At Randy Ai Law Office, we specialize in the high-stakes negotiation of executive contracts for CEOs, VPs, and senior directors in Toronto’s competitive corporate landscape. We don’t just “check the fine print”; we architect agreements that secure your wealth, your mobility, and your legacy.
Why a “Standard” Review is Insufficient
For an elite professional, compensation is rarely a simple salary. It is a complex ecosystem of short-term incentives, long-term equity, and protective clauses. In the 2026 legal environment, Ontario courts have become increasingly technical regarding contract enforceability. If your agreement contains a single poorly drafted sentence, you could inadvertently waive hundreds of thousands of dollars in common law notice.
Our Core Areas of Negotiation
1. Total Rewards & Executive Compensation
We ensure your “Total Rewards” package is clearly defined and legally protected. This includes:
- Signing & Retention Bonuses: Negotiating “clawback” periods that are fair and reasonable.
- Equity & LTI Plans: Securing favorable vesting schedules for RSUs, PSUs, and Stock Options, including “Double-Trigger” acceleration in the event of a sale or merger.
- Annual Incentive Plans (AIP): Ensuring bonuses are guaranteed or governed by objective metrics rather than “sole employer discretion.”
2. The “Good Reason” Resignation Clause
An executive should never be trapped in a role that has been hollowed out. We negotiate “Good Reason” triggers that allow you to resign and trigger your full severance package if the company demotes your title, reduces your pay, or materially alters your reporting structure.
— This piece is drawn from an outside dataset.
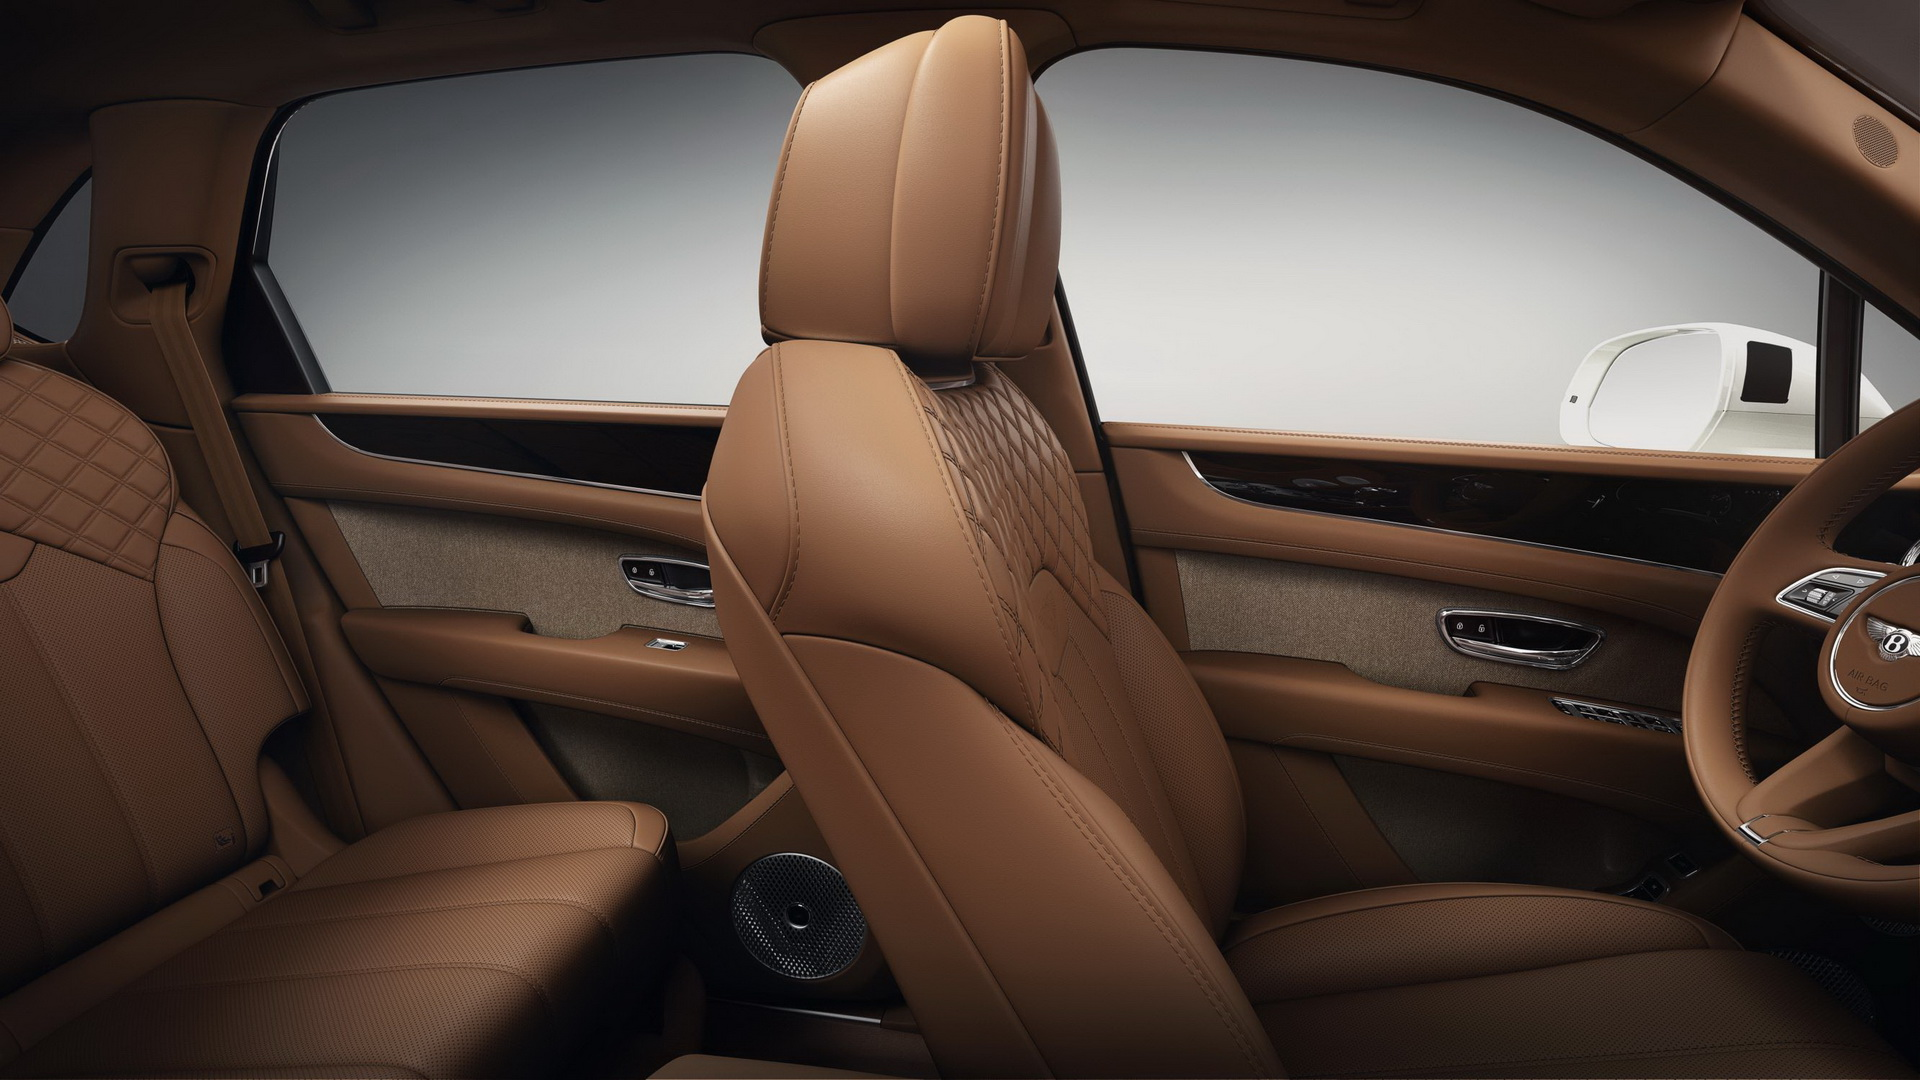 bentley-tweed-interior-option-for-all-models-6

3. Change of Control & Golden Parachutes
In an era of rapid M&A activity, your contract must survive a corporate takeover. We negotiate “Golden Parachute” provisions that ensure you are handsomely compensated if a new ownership group decides to bring in their own leadership team.
4. Restrictive Covenants & Career Mobility
While Ontario has restricted non-compete clauses for most, the “Executive Exception” still allows companies to attempt to sideline senior leaders. We negotiate the scope, duration, and geography of non-compete and non-solicit agreements to ensure your future mobility is not unfairly compromised.
The Strategic Negotiation Process
We understand that you may want to maintain a collaborative relationship with your new employer. Our involvement can be as visible or as discreet as you require:
- The “Ghostwriter” Approach: We work behind the scenes, providing you with red-lined drafts and “talking points” so you can lead the negotiation directly with HR or the Board.
- Direct Advocacy: For high-stakes or complex transitions, we take the lead in communicating with the company’s legal counsel to secure the best possible terms.